私はそこら辺にある手頃な切り株に腰を下ろすと、荷物から干し肉一枚と乾パン一個を取り出した。これだけでも朝食としては十分である。
(そうだ。父さんに手紙を送らなくちゃ)
私はちぎった乾パンを口の中へ放り込み、携帯していた水筒の水と一緒に喉の奥へ流し込むと、荷物の中から紙とペンを取り出した。
父からのもう一つの条件は、毎日手紙を送ることだった。
娘を一人で旅に出すのである。父親としては、やはり心配なのだろう。
私はこの一週間、それが日課となっていた。
『父さん、ソーマへ。
私は無事です。
これからカタトス町のギルドでパーティを募集しようと思っているので、仲間ができたらその時にはお知らせします。
エリスより』
このような内容のものを切り株の上で書くと、そのまま紙を二つに折った。それに向かって手をかざし、意識を集中させる。
「運風換質」
一瞬で紙は煙のように消えたのだが、再びその姿が同位置に現れる。
この術は風属性のもので、別名『等価交換術』とも呼ばれている技である。
手許にある対象物と、別に存在する目標物とを入れ替える術なのだ。
つまり今、目の前にある紙は先程私が書いたものではなく、術により遠方にあった別の紙と交換されてここに現れたことになる。
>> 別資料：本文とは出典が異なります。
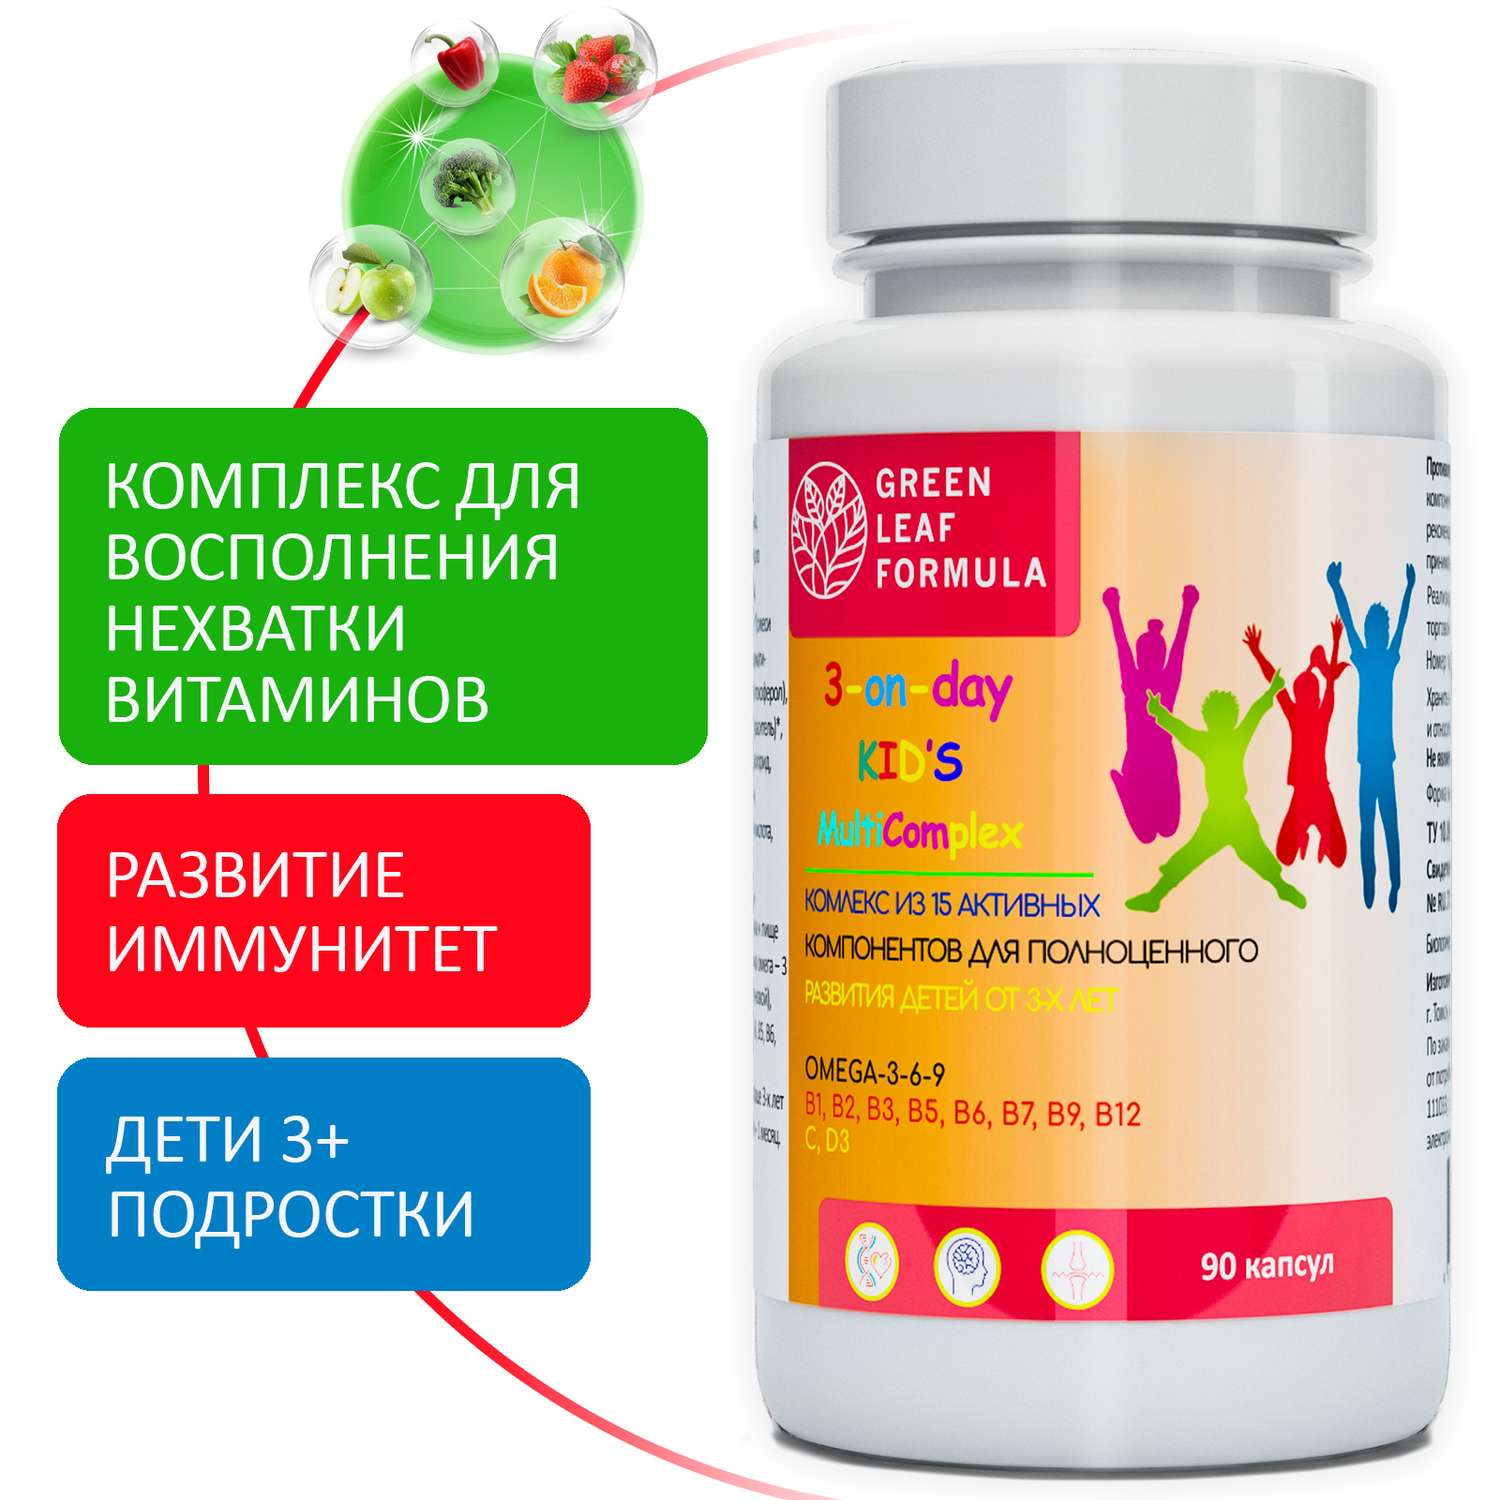 Детский пробиотик и витамины Green Leaf Formula мультивитамины для детей от 3 лет для иммунитета для кишечника - фото 11

一見便利な技のようにも見えるのだが、あまり実用性はない。
何故なら交換できる物は同等の物に限られているし、尚且つ手許の物と交換したい目標物の位置を正確に把握していなければ、成功しないからだ。
父は半年前にこの術を私に会得するよう命じた。この術をマスターしなければ、旅には出さないとまで言ったのである。
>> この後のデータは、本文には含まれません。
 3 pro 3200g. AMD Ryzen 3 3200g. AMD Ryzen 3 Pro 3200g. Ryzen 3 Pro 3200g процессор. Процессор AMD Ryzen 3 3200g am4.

一般の術士が使用する「道具」と「精霊」に相性があるように、「術士」本人と「精霊」にも相性というのがある。つまり道具を選ぶ際には、使用者と属性の相性も考慮しなければならないということだ。
それは道具を使用せず、全ての属性を使うことができる精霊術士でも、例外ではなかった。
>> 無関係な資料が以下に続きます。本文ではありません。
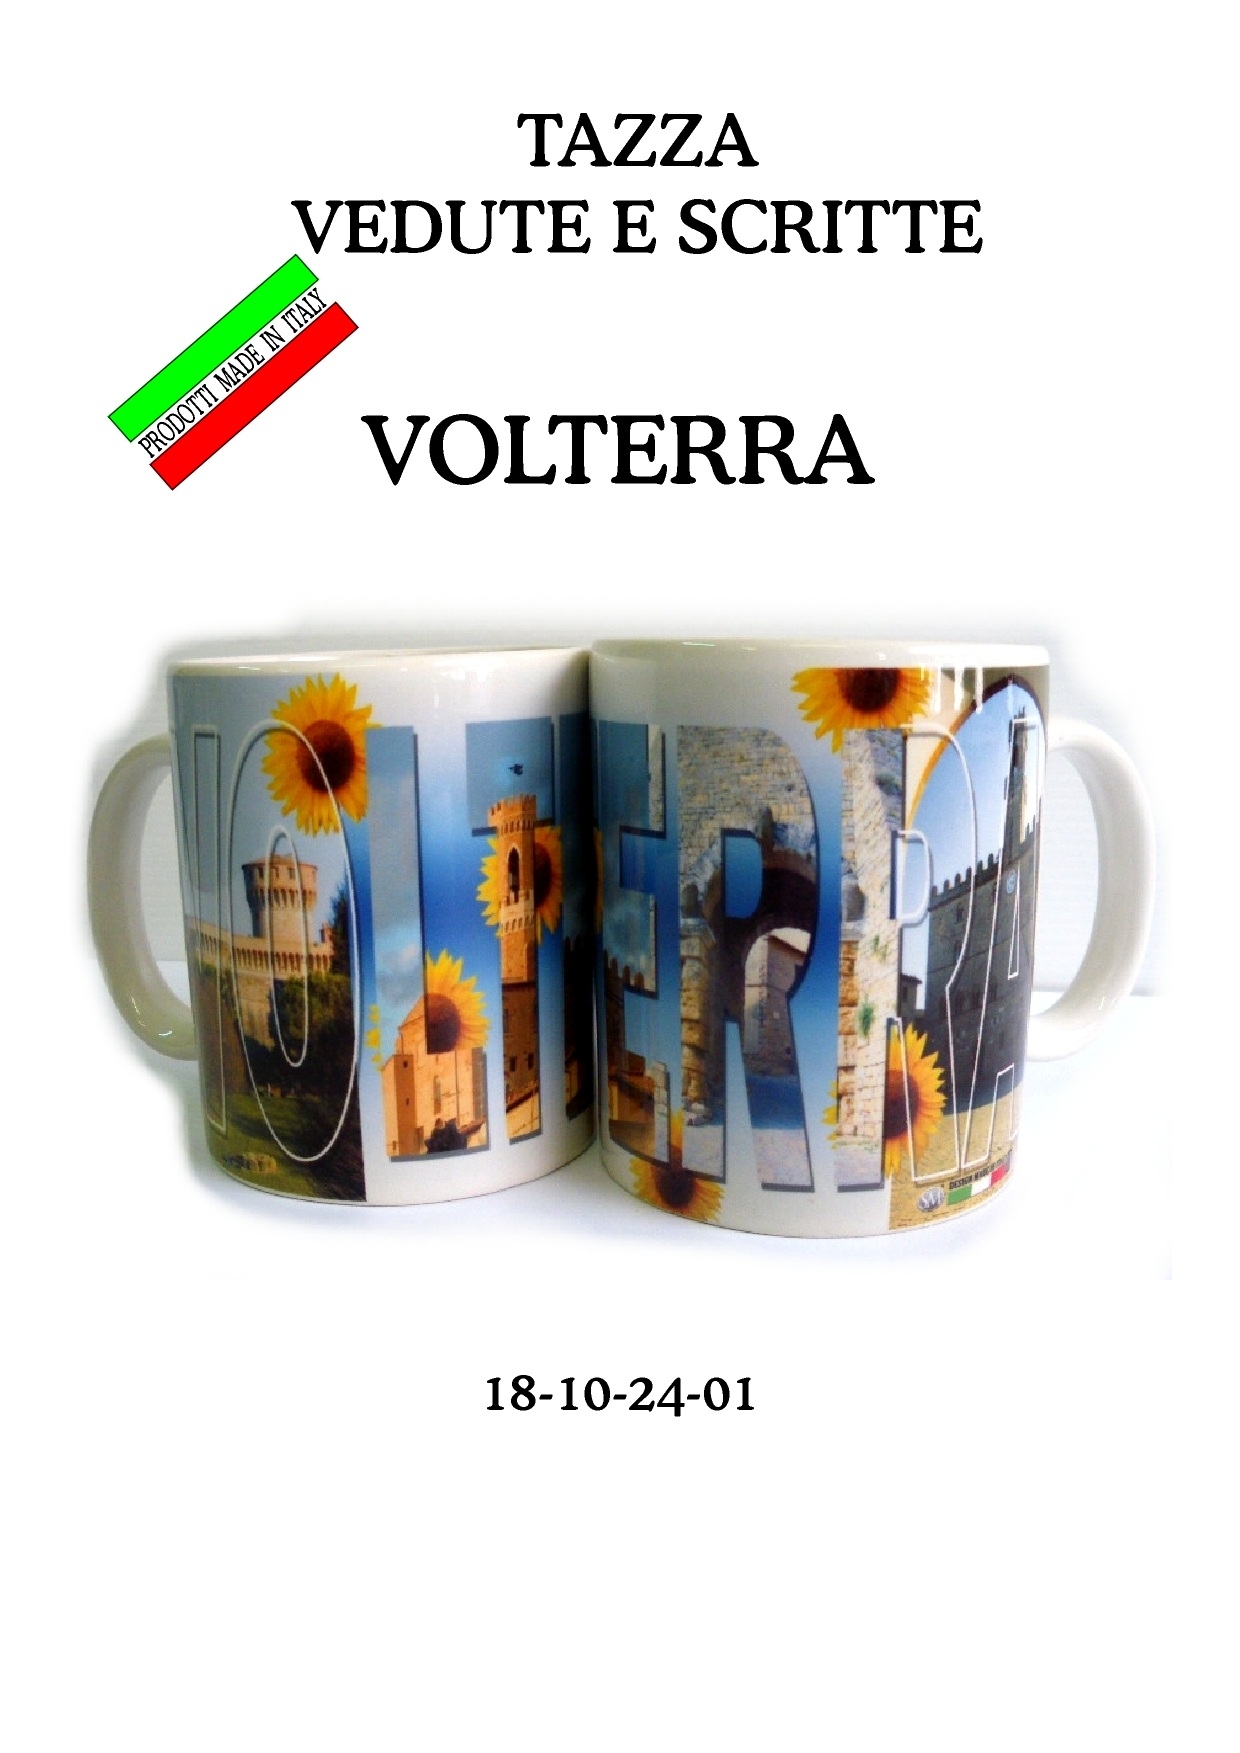 18-10-24-0001 Tazze Volterra Vedute e Scritte CONFEZIONI da n. 1 Pz.

父によればこの術は、通常約二~三日程度でマスターできるものらしい。
私と特に相性が良いのは、風属性である。
だから三日もかからず、或いは一日くらいでマスターできると高を括っていたのだが、しかし半年近くもかかり、ついこの間ようやく会得できたばかりだった。
どうやらこの術ばかりは、属性の相性とは全く関係なかったようである。
父は訓練時から、いつも同じ場所に手紙を置いていてくれた。だがその位置を特定するのが特に難しく、なかなか成功しなかったのだ。
そして今回も目の前に現れたこの紙は、父がその場所であらかじめ用意してくれた手紙である。
『エリスへ。
旅は順調に進んでいるかい。
一緒に旅をしてくれる仲間は見つかったか?
エリスは方向音痴だから、巡礼地にきちんと導いてくれるような、信頼できる仲間を見つけないといけないよ。父さんは、それだけが心配です。
父より』
(父さん、本当に心配性だなぁ。それに私は父さんが言うような、方向音痴じゃないってば)
思い掛けない場所へ、たまたま高確率で行ってしまうことがあるだけだ。
父の勘違いに不満を抱きながらも、多少角張り気味に書かれているいつもの見慣れた字が、不意に滲んでしまったため、慌てて顔を擦った。
私は読み終わった手紙を丁寧に荷物の中へ仕舞うと、再び自分自身を奮い立たせるかのように、森の中を歩き始めたのである。